There are at least 5 active snowbanks outside Minto. Photo: Christine Wang.
Reading Time: 2 minutes

Roommates starting to lose hope, issue statement on disappearance

According to his roommates, Michael DiMarco had gone to Minto Sports Complex for an early morning workout and hadn’t returned.

One of his workout buddies, Paula Andreas, claims she last saw him by the weight machines, pumping iron and drinking his pre-workout. Another friend, Geoffrey Donoghue, says he saw Michael leave the Sports Complex and head home up the hill towards Sweetland avenue.

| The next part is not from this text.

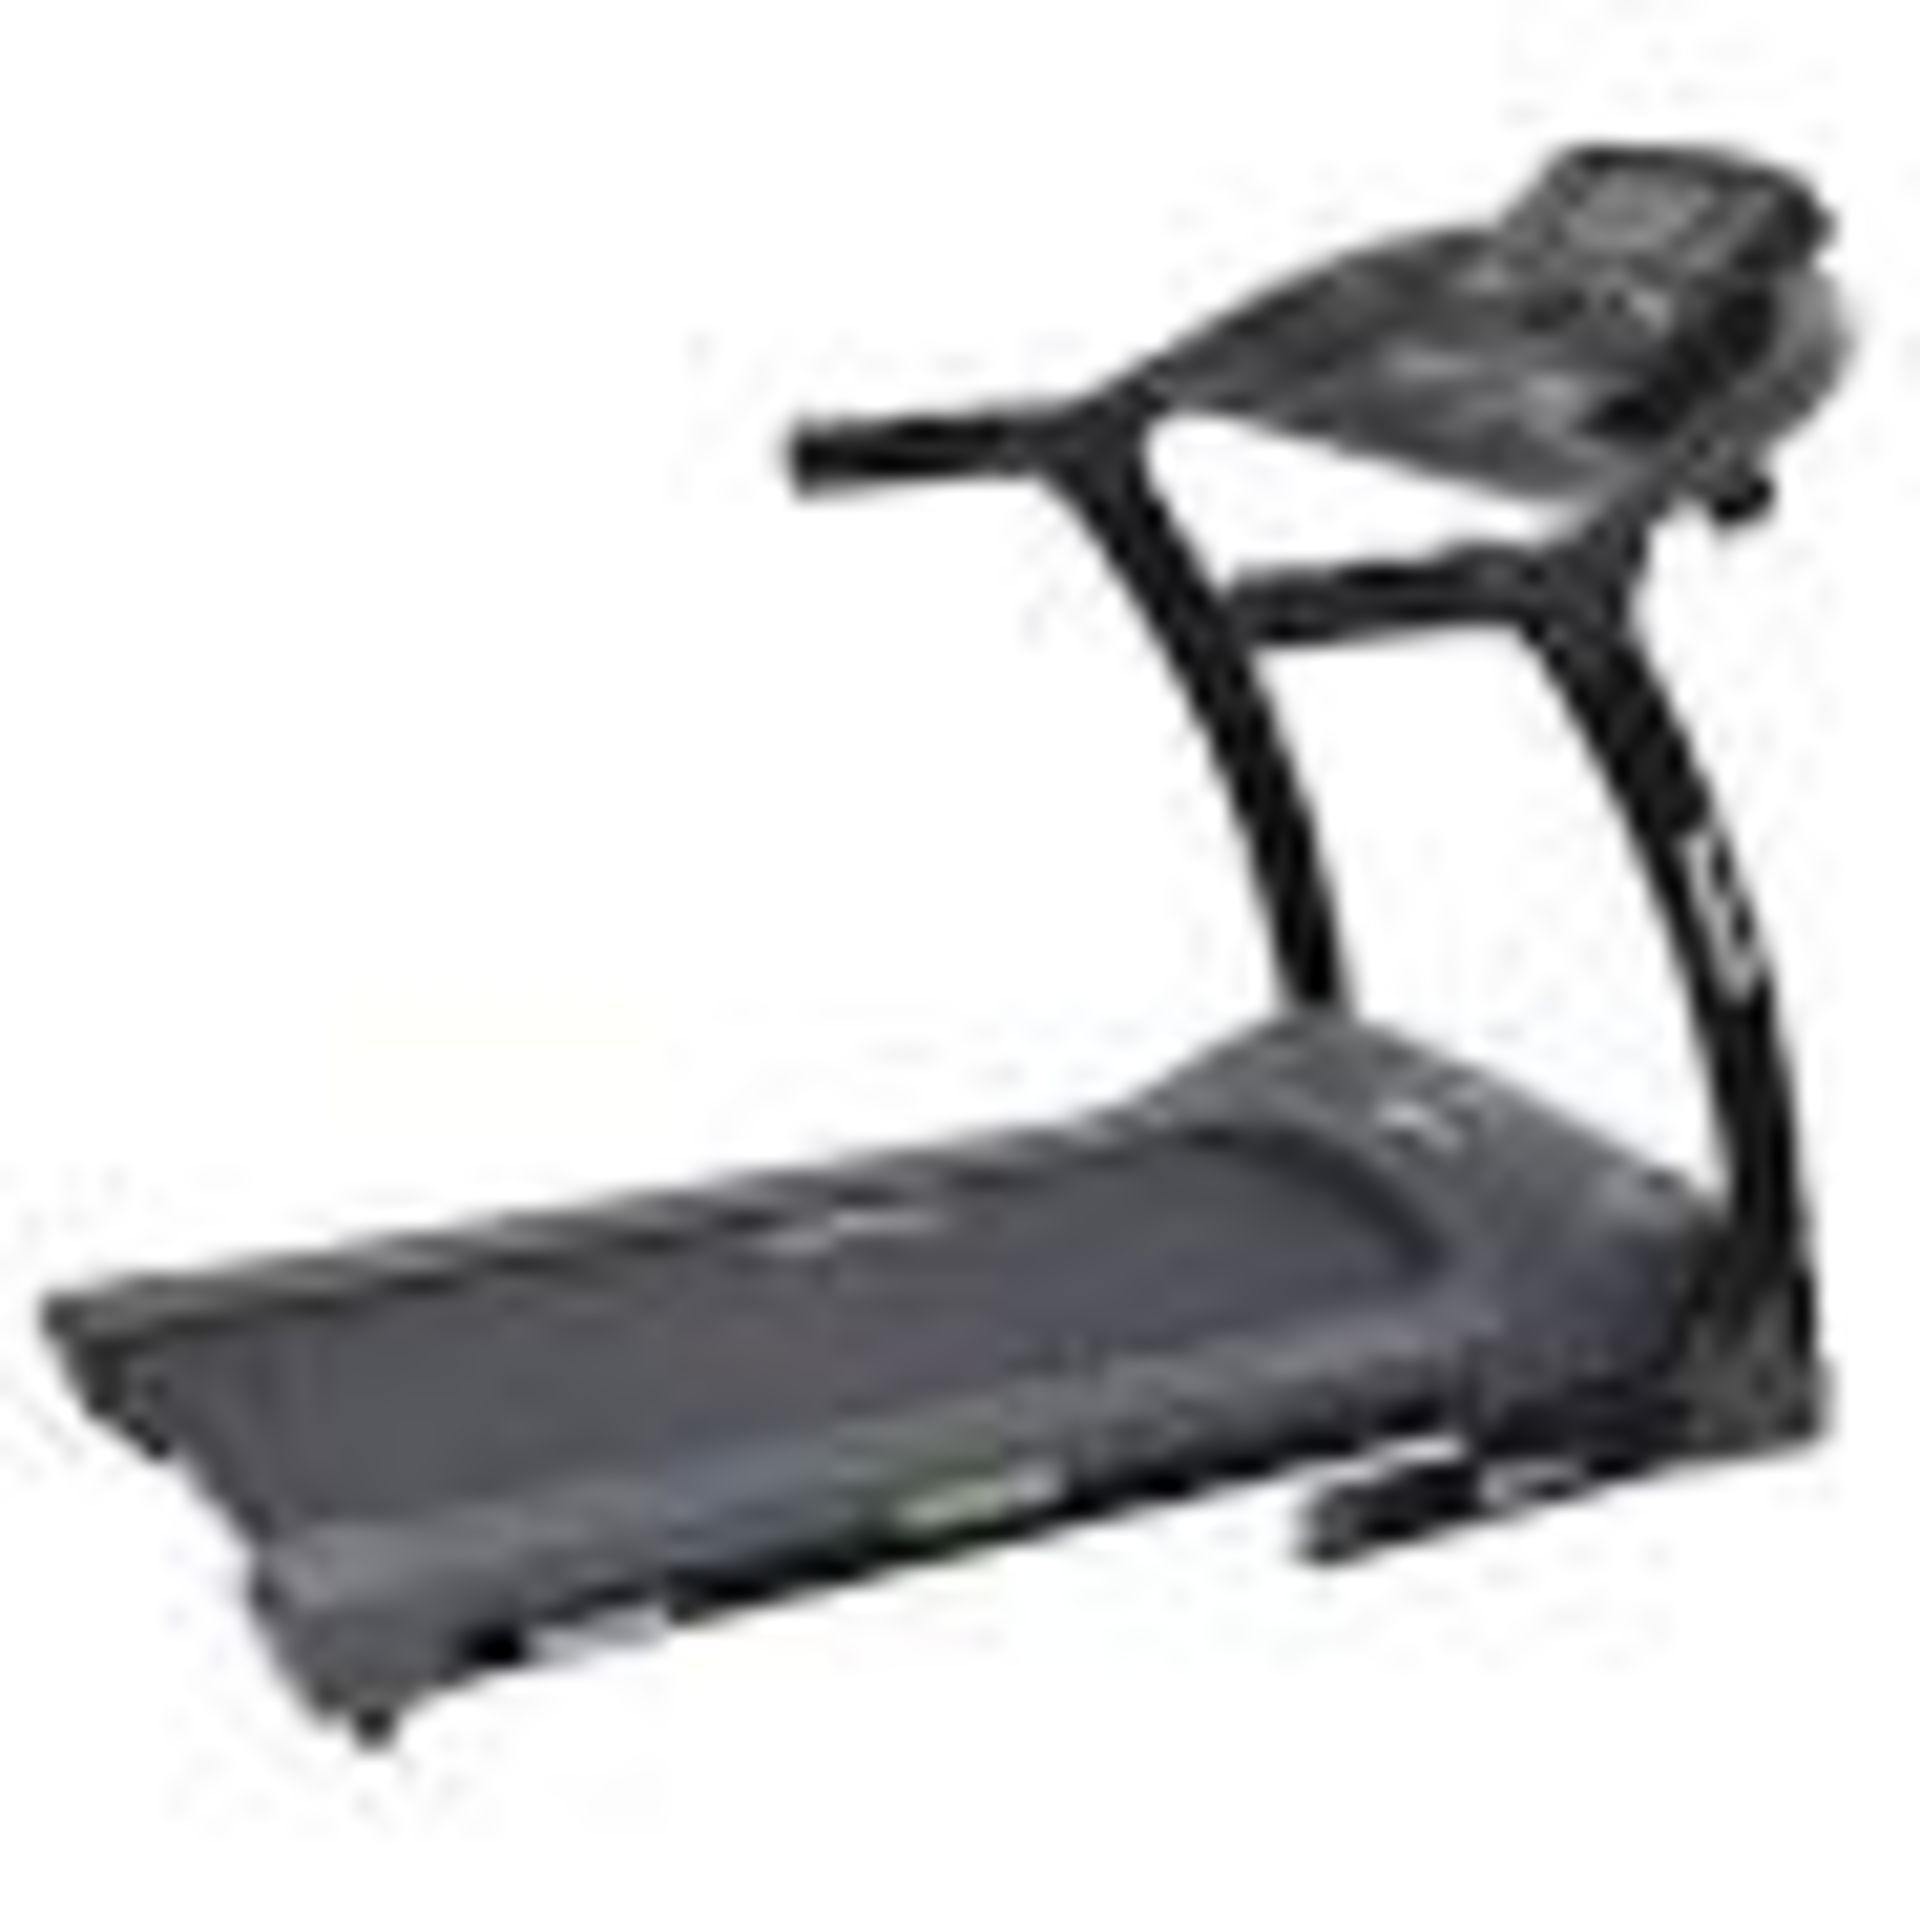 1 X REEBOK ZR11 TREADMILL IN BLACK - BUILT - NO BOX ( TESTED WORKING WITH DAMAGE ON FRONT PLASTIC

Rescue teams have now narrowed down DiMarco’s location to one of the many snow banks outside of Minto. His disappearance comes days after rescue attempts were made to help students trapped in the deep puddles of water outside of Tabaret.

One of the members of the rescue team spoke with the Tomato. “Students returning home from classes in SITE had reported strange noises coming from the snowbanks outside Minto. They originally thought the source of the weird noises was an OC Transpo bus. But after closer investigation, we discovered the noises were coming from a snowbank.”

The noises are described as sounding like “obscenities towards snowplows, Ottawa, and weather in general” with “a sprinkling of crying.”

The search for DiMarco has entered it’s seventh day. Chuck Anderson, the rescue team lead, explained the difficulties with the rescue attempt.

“It seems as soon as we can get within a foot of the guy, another snow plow comes through and adds to the pile. Currently, the pile is about eightfeet tall, and that’s after having worked on it all morning.”

In addition, Anderson explains the team isn’t sure DiMarco is even in this snow pile.

“It’s our best guess, but we think there may be dozens of other students trapped in the other snowbanks around Minto,” he said.

“We’ve already found two other people, Georgia French, who immediately wanted a Beavertail, and Marcus Overton, who asked for a note excusing him from his midterms.”

DiMarco’s roommates have made a joint statement about his disappearance: “Michael, if you read this, we want you to know that Kelly drank all of your gatorade. She’s really sorry. Also, we sold your Xbox on kijiji.”

Anyone with information about Michael DiMarco’s disappearance, or snowbanks in general, are asked to call Chuck Anderson at 555-232 -1234.